Home> Blog> Splitting the Repository

Splitting the Repository

This post originally appeared on the Software Carpentry website.

United Airlines messed up my travel again last weekend, so I finally had a chance to think some more about how Software Carpentry works and how we can make it work better. Having topic maintainers is one improvement; another, which was discussed at this month's lab meeting, is to break the bc repository that holds our lessons and workshop home pages into smaller and more manageable pieces.

The Problem

We face three related problems:

  1. The bc repository is too big. My copy (which admittedly includes a few pieces of ongoing work) takes up almost 100 MBytes. More importantly, it includes a bewildering mix of material: page templates, setup instructions, support tools, and more.

  2. Our scope keeps creeping. Software Carpentry's original aim was to teach scientists who were already programming how to program better. We now teach people who've never programmed before, in three languages, and have material on databases, regular expressions, and a bunch of other things. They're all useful, but they don't belong in a single repository any more than every useful piece of software in the world should be in a single large library.

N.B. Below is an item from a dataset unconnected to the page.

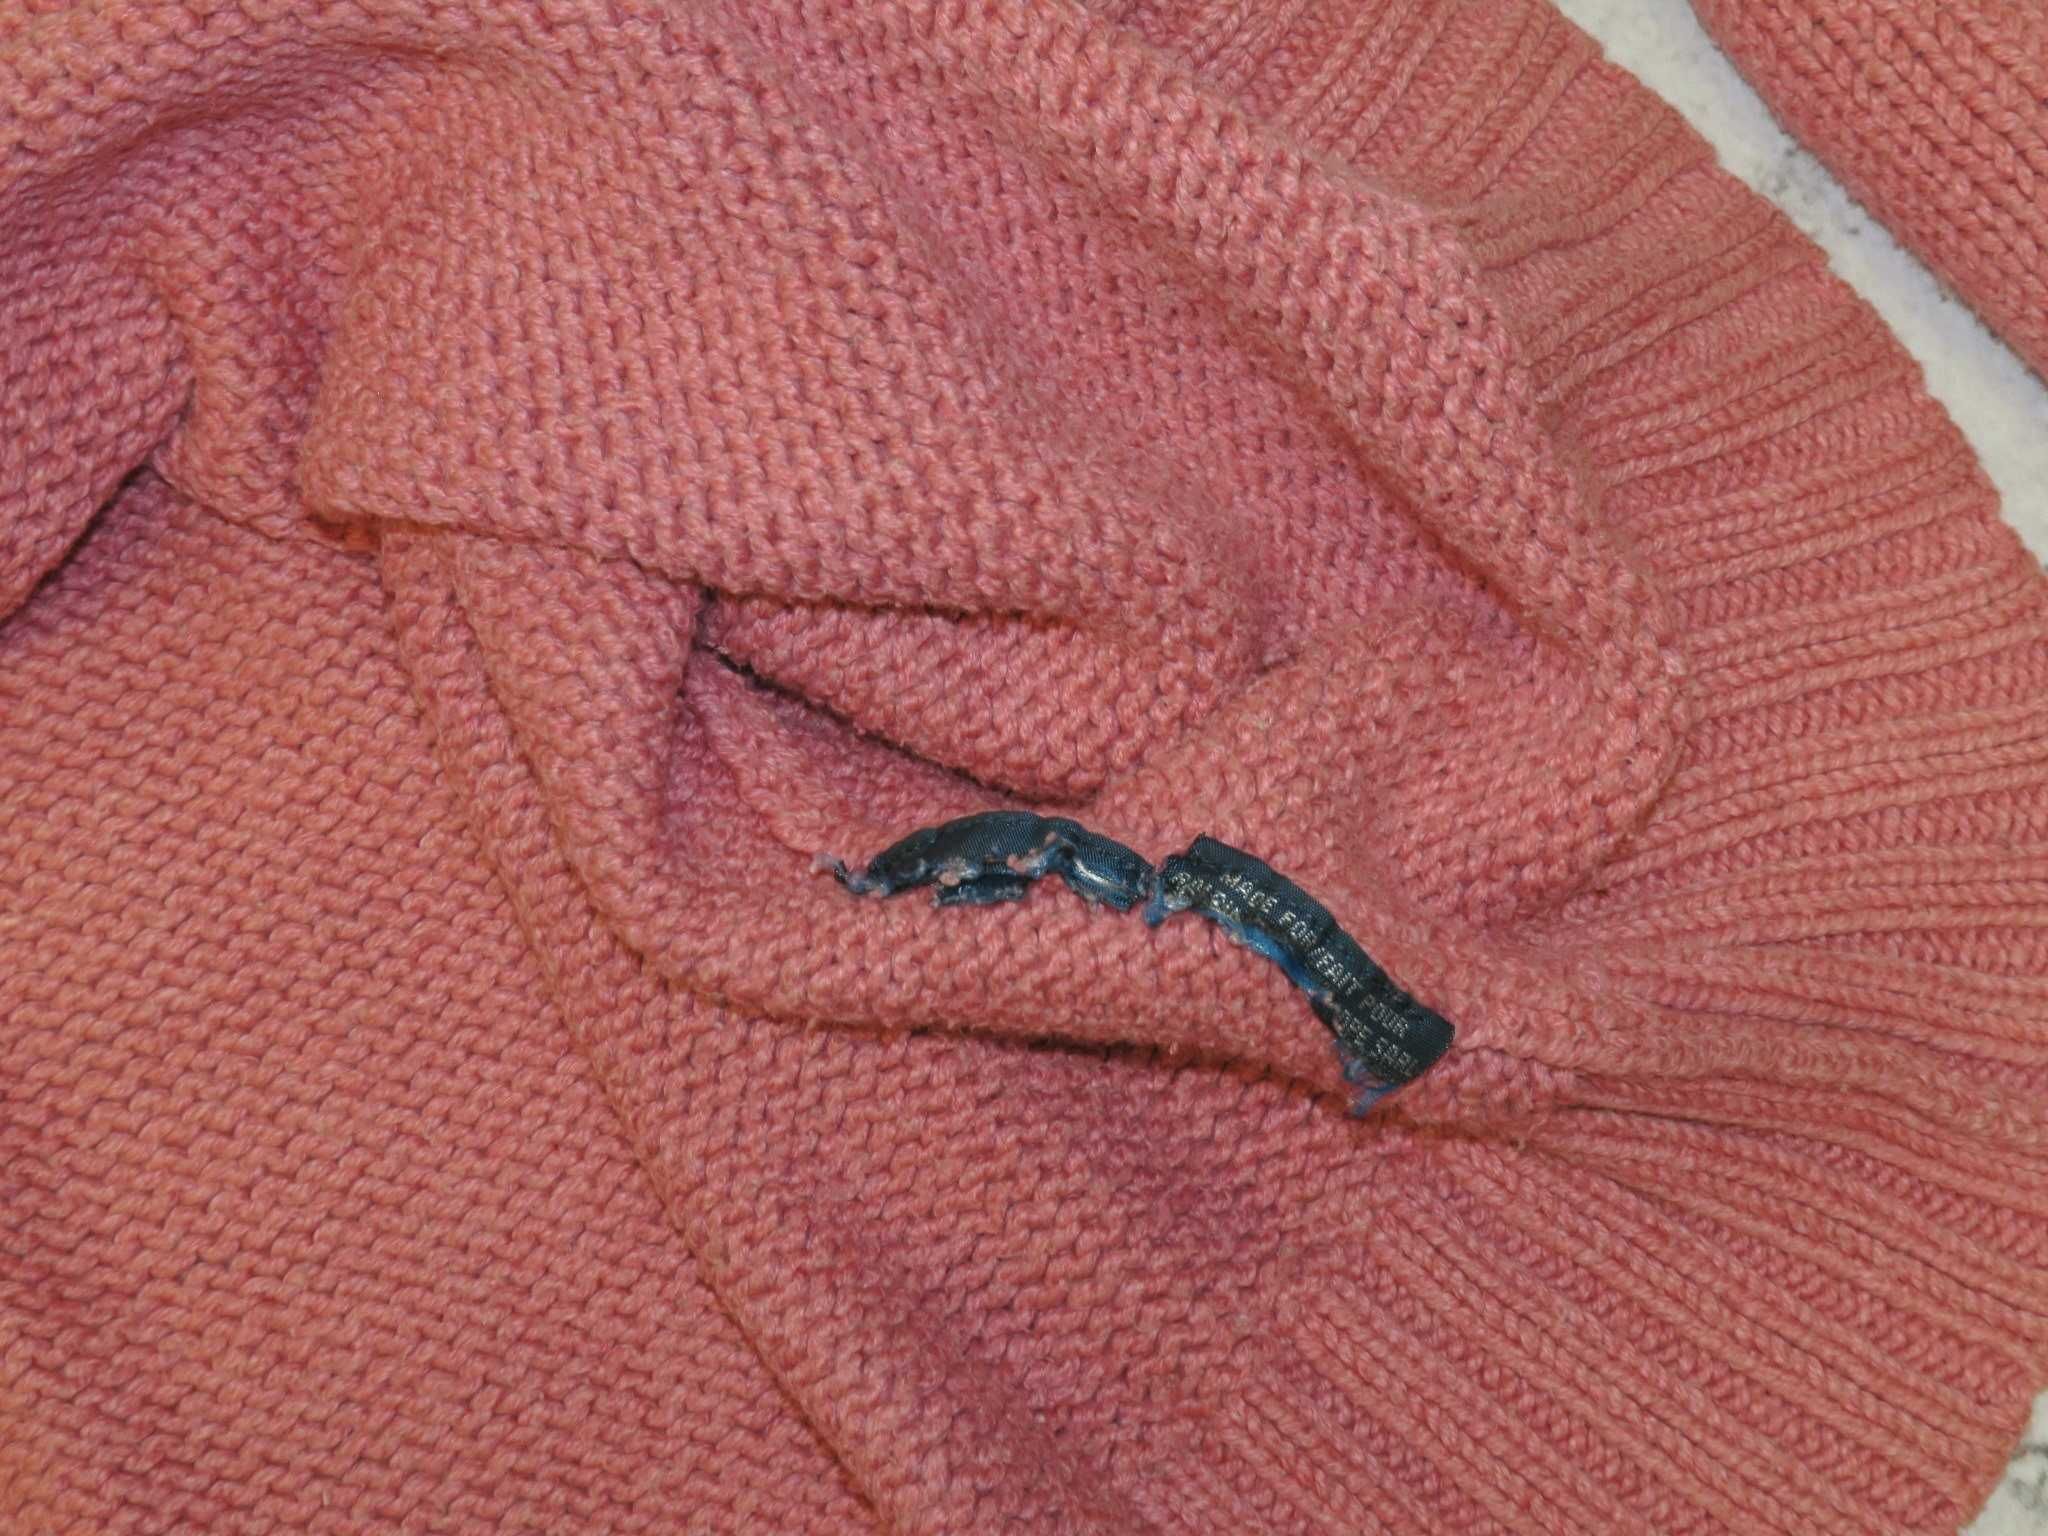 Ralph Lauren gruby sweter męski L

  3. It's hard for people to explore and manage alternatives. Different instructors have different opinions about the best way to introduce certain topics: NumPy early vs. NumPy late in Python, branches before or after pull requests in Git, and so on. Instructors also want to use different examples for different audiences, e.g., bioinformatics data when teaching biologists and climate data when teaching climatologists. We could come up with a naming scheme and directory structure to manage this all in one repository, but again, that's not how we manage software.

The Proposal

Our proposal is to divide the current content of the bc repository between several new repositories. One of these will be the template for workshop websites; each of the others will contain one complete lesson, such as the introduction to the Unix shell for novices. Each of these repositories will be much smaller, and therefore easier to navigate, than what we currently have. As a fringe benefit, people will be able to subscribe to only the ones they care about most, so that they aren't flooded with comment and commit messages on topics they're less interested in.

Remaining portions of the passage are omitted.